Good luck with it...it's so awesome to be young and just embarking on a new relationship!


----------



## cacafire (Jul 3, 2010)

Actually, I don't think she'd be very supportive of condoms. In honduras they are pretty big on Catholocism, from what she tells me. It would be considered a "sin".


----------



## Foxee (Jul 3, 2010)

Wow, I didn't know that people were supposed to skip straight to sex after the first compliment. I'm gonna really have to be careful what I say now.

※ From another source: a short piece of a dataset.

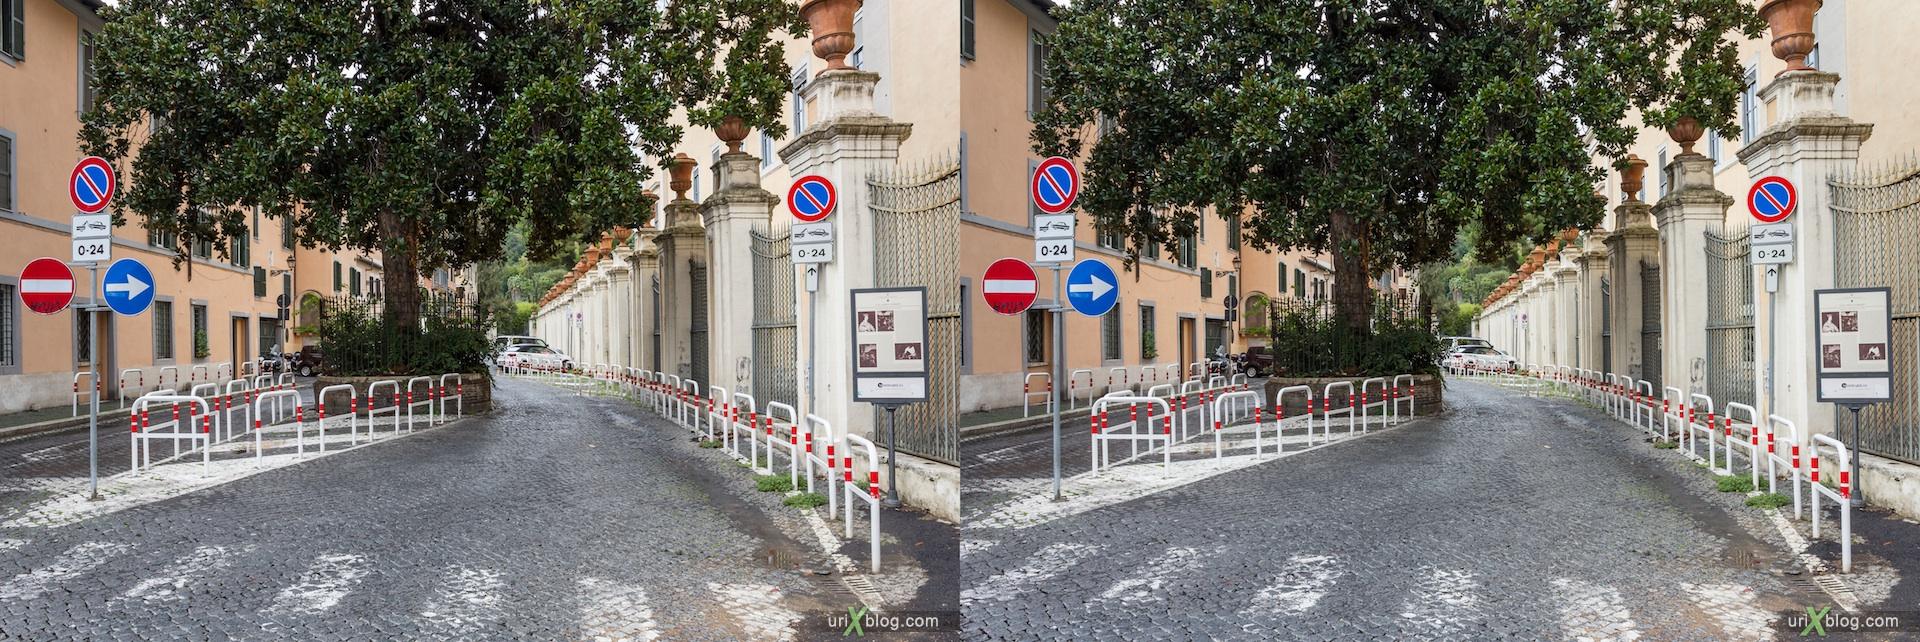 2012, Corsini street, della Lungara street, crosswalk, Rome, Italy, Europe, 3D, stereo pair, cross-eyed, crossview, cross view stereo pair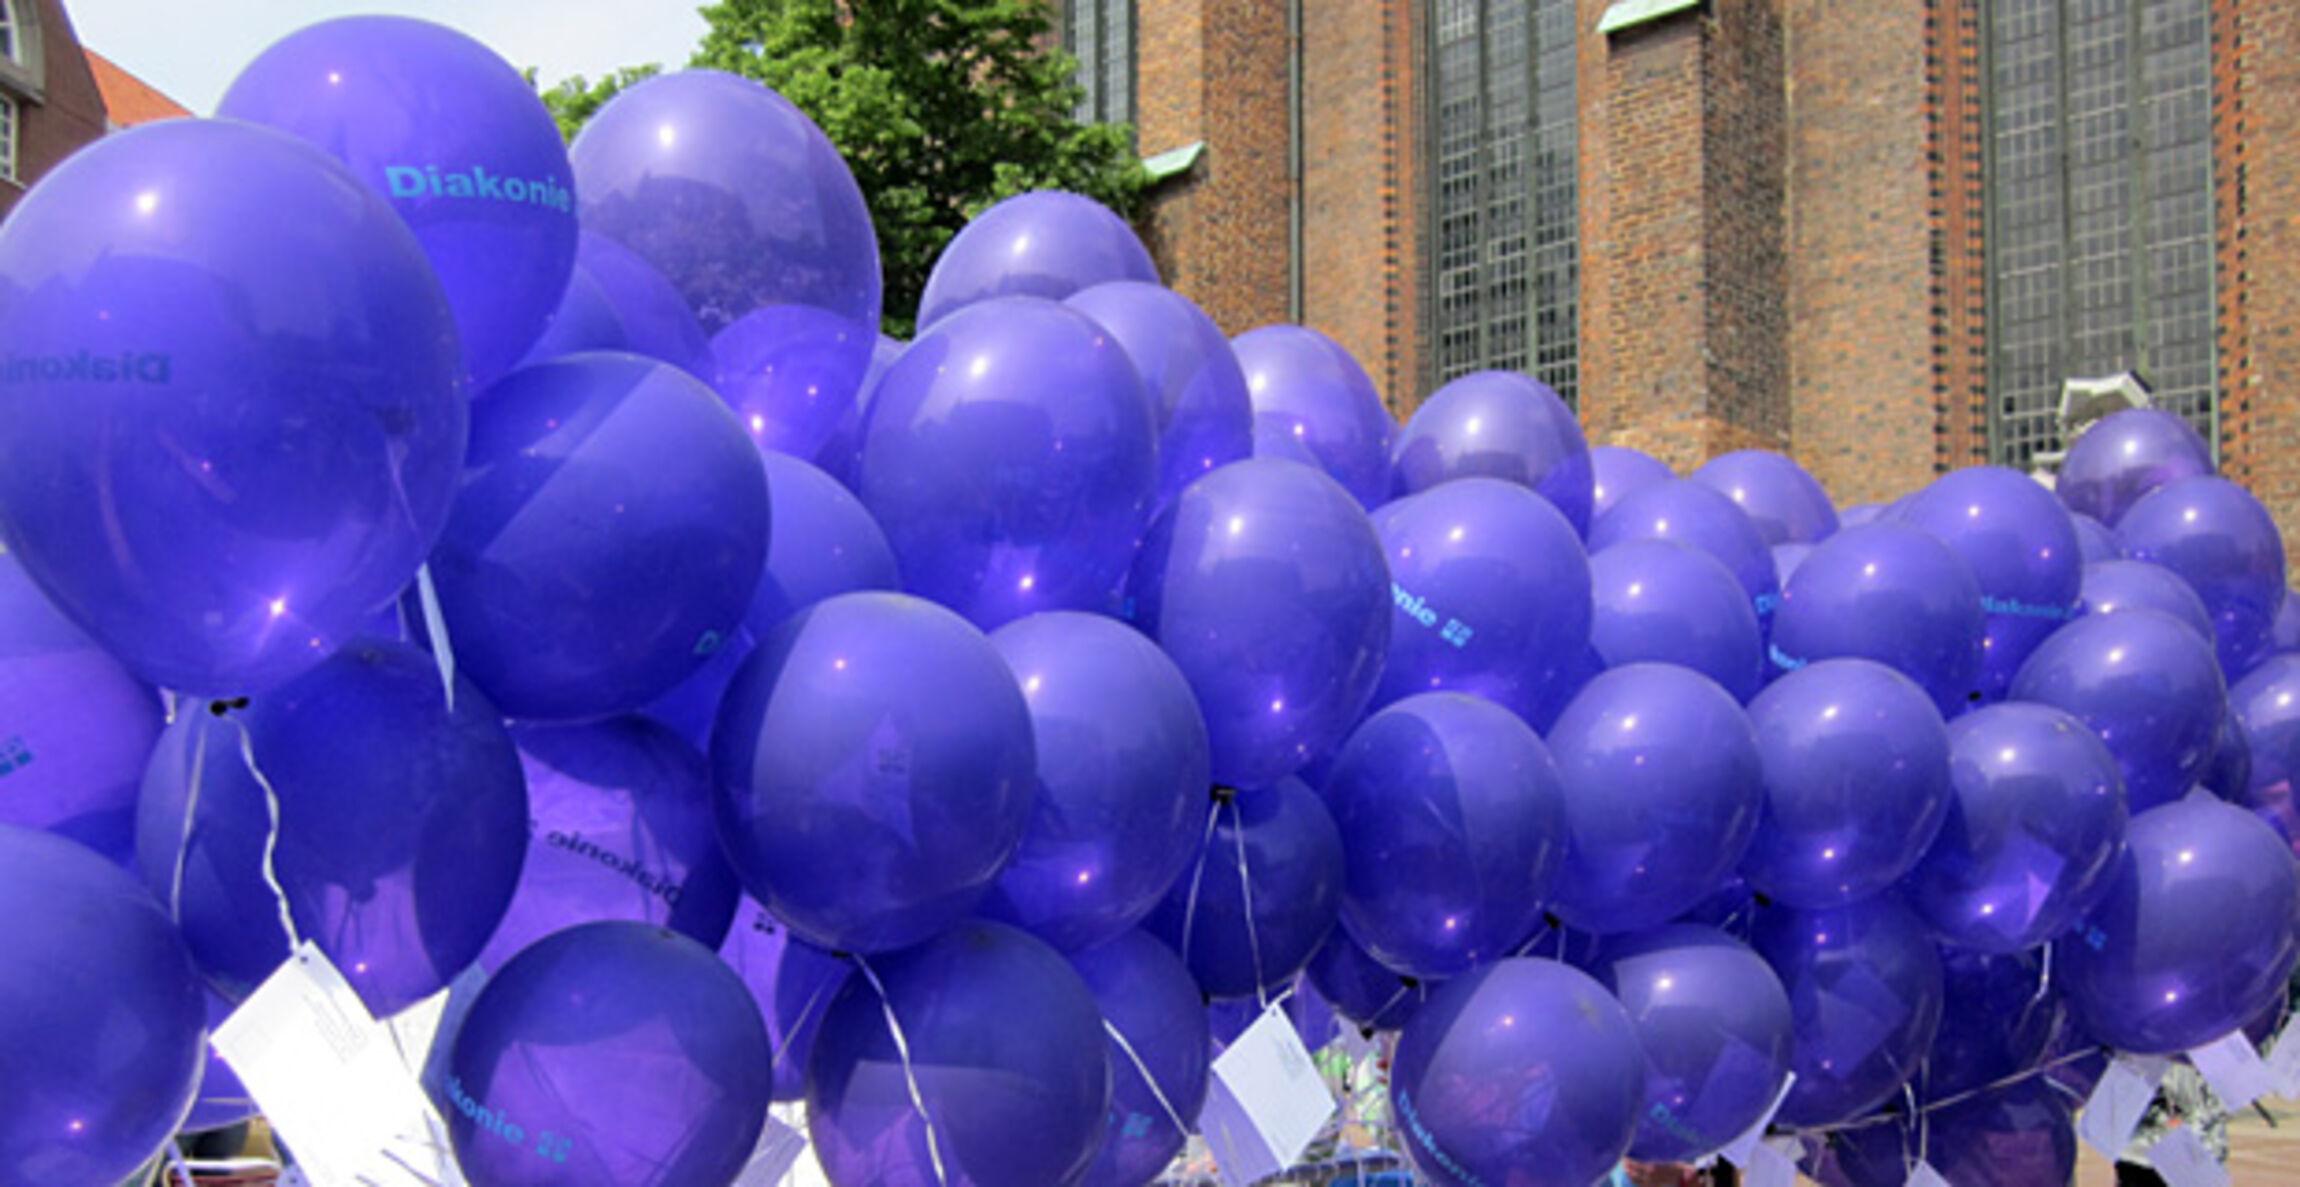 Diakonieluftballons

Congrats on being handsome. I won't tell you that you are because a. I can't see you and b. apparently that means I'd be on your dance card.

\\/


----------



## JosephB (Jul 3, 2010)

Take it from me, cacafire – it can be a burden. But it’s also a gift. Use it wisely, my friend – and only for good.


----------



## MEShammas (Jul 3, 2010)

With great power comes great responsibility.


----------



## k3ng (Jul 3, 2010)

How do you become 'responsibly handsome'?


----------



## Sigg (Jul 3, 2010)

better "muy guapo" than "muy gordo"


----------



## Blood (Jul 4, 2010)

cacafire said:


> To my surprise, she told me I was very handsome. "Muy guapo."


You sound like a sucker.


----------



## caelum (Jul 4, 2010)

Helicio said:


> With great power comes great responsibility.


 
Oh, snap!  Laughed out loud hard.  Followed Jo's comment perfectly.


----------



## cacafire (Jul 4, 2010)

I hope you guys know that I'm not taking this too seriously, right? I thought you knew, but from reading these comments... I'm not too sure.


----------



## Sigg (Jul 4, 2010)

don't lie, you went straight home and wrote "Dear Diary, I AM A SEXXY BEAST!"


----------



## MeeQ (Jul 4, 2010)

Sigg said:


> don't lie, you went straight home and wrote "Dear Diary, I AM A SEXXY BEAST!"


 
Absolutely nothing more needs to be said; period.


----------



## Ilasir Maroa (Jul 5, 2010)

Sigg said:


> don't lie, you went straight home and wrote "Dear Diary, I AM A SEXXY BEAST!"



As I writer, I would hope he spelled it "sexy".


----------



## MeeQ (Jul 5, 2010)

Ilasir Maroa said:


> As I writer, I would hope he spelled it "sexy".




But it's a diary... anything is possible! AHHHH!


----------



## cacafire (Jul 5, 2010)

Actually, since I am male, I Prefer the term "journal", thank you very much.


----------



## MeeQ (Jul 5, 2010)

Well if it's a "journal" Nothing is possible. Sorry for the confusion.


----------



## Linton Robinson (Jul 5, 2010)

*Great, I just found out you are ugly*

Not really.  I'm sure your mother has a picture


----------